Telligent Community
- A group on Telligent Community web site
- Developer(s): Telligent Systems
- Stable release: Telligent Community 10.3 / April 3, 2019
- Platform: ASP.NET / Microsoft SQL Server
- Type: Collaborative software, Blog publishing system, Forum Software, Wiki, Social Networking
- Website: telligent.com

= Telligent Community =

Collaboration software community

Telligent Community is a community and collaboration software platform developed by Telligent Systems and was first released in 2004.

Telligent Community is built on the Telligent Evolution platform, with a variety of core applications running on top of it such as blogs, forums, media galleries, and wikis. Additional applications from third parties using the API's and REST stack can be installed or integrated with the platform.

Telligent Community is built with ASP.NET, C#, and Microsoft SQL Server. It is available as downloadable software that can be installed on a web server or via hosting providers. The current version is Verint Community 12.0 which was released February 2012. The product used to be named Community Server before being rebranded as part of the 5.0 release.

==History==
Telligent Systems was founded by Rob Howard in 2004, who was previously part of Microsoft's ASP.NET team. Telligent introduced its first product, Community Server, in the fall of 2004. Community Server was one of the first integrated community platforms that brought together blogs, photo galleries, wikis, forums, user profiles and more. Community Server was based on the merger of three then-widely used open source ASP.NET projects: the ASP.NET Forums, nGallery photo gallery, and .Text blog engine. The people behind those projects (Scott Watermasysk, Jason Alexander, and Rob Howard) joined together as Telligent Systems and along with several other software developers created Community Server 1.0.
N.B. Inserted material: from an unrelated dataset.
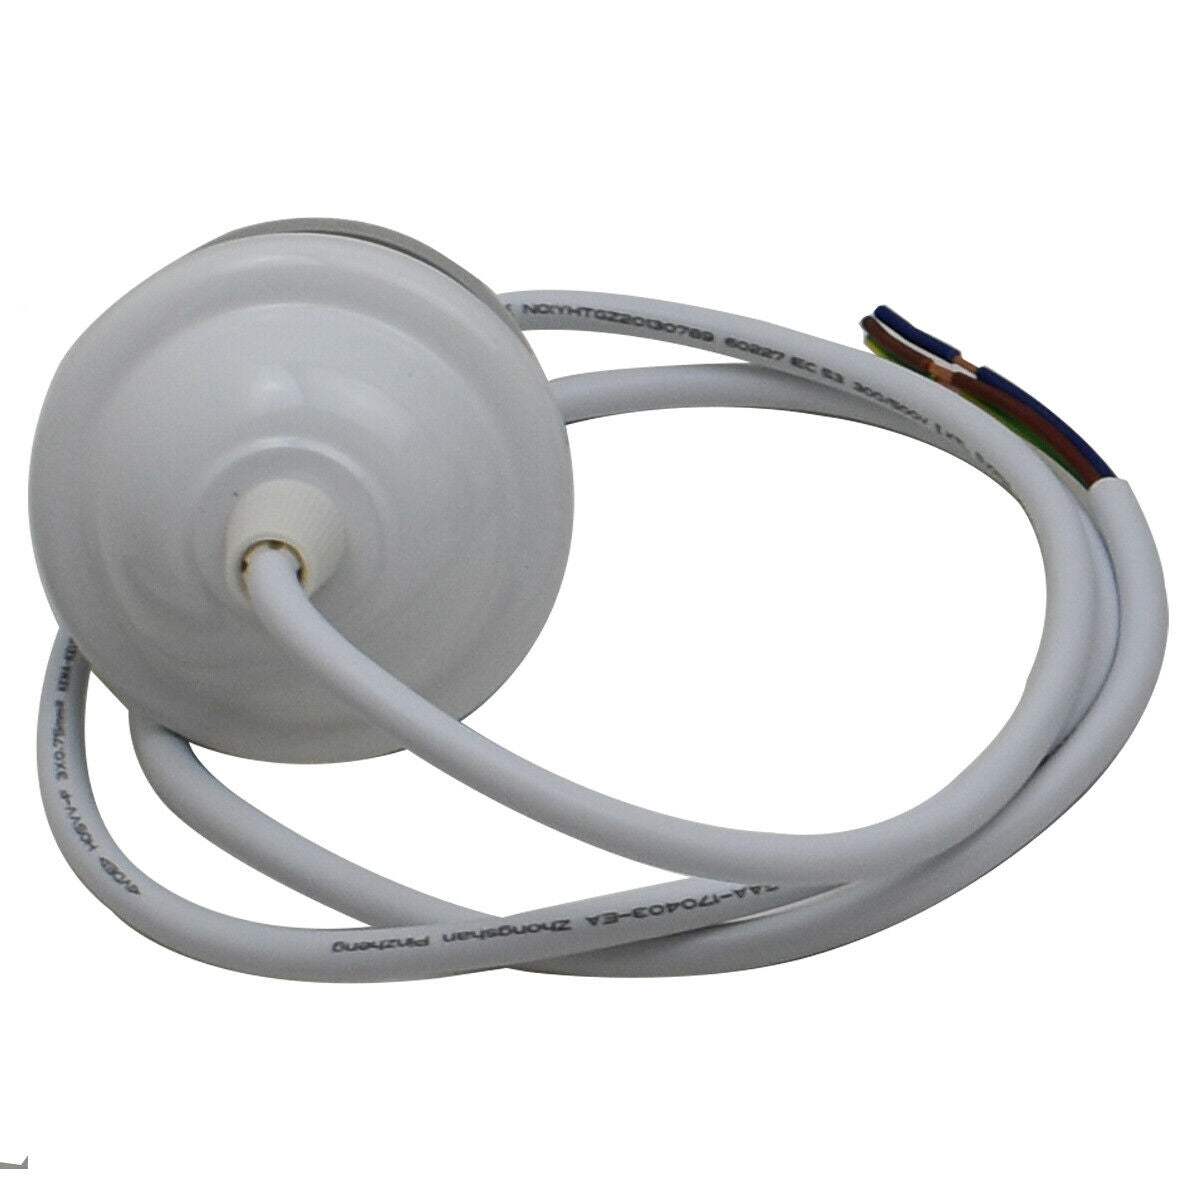 Retro Lamp Base Vintage E27 White Socket Bulb Holder Fitting

Between 2004 and 2009 Community Server steadily grew in scope, features, and capabilities. In 2008 Telligent Systems released a second version of Community Server that targeted as an Enterprise Social Software platform used to create and manage internal employee communities and intranets. Originally branded as Community Server Evolution this was later renamed Telligent Enterprise.

Telligent also announced a new Enterprise Reporting platform at its first Community Server Developers Conference in 2008, which was later renamed Harvest. It was one of the first analytics suites for enterprise collaboration software, and provides social analytics including sentiment analysis, social fingerprints, and buzz analysis on social networking sites such as Twitter.

Telligent rebranded all of its products on June 23, 2009 at the Enterprise 2.0 conference when it launched its new Evolution platform product suite. Community Server became known as Telligent Community, Community Server Evolution became known as Telligent Enterprise and the underlying platform that both run on is now referred to as Telligent Evolution. The Social Analytics suite was renamed Telligent Analytics.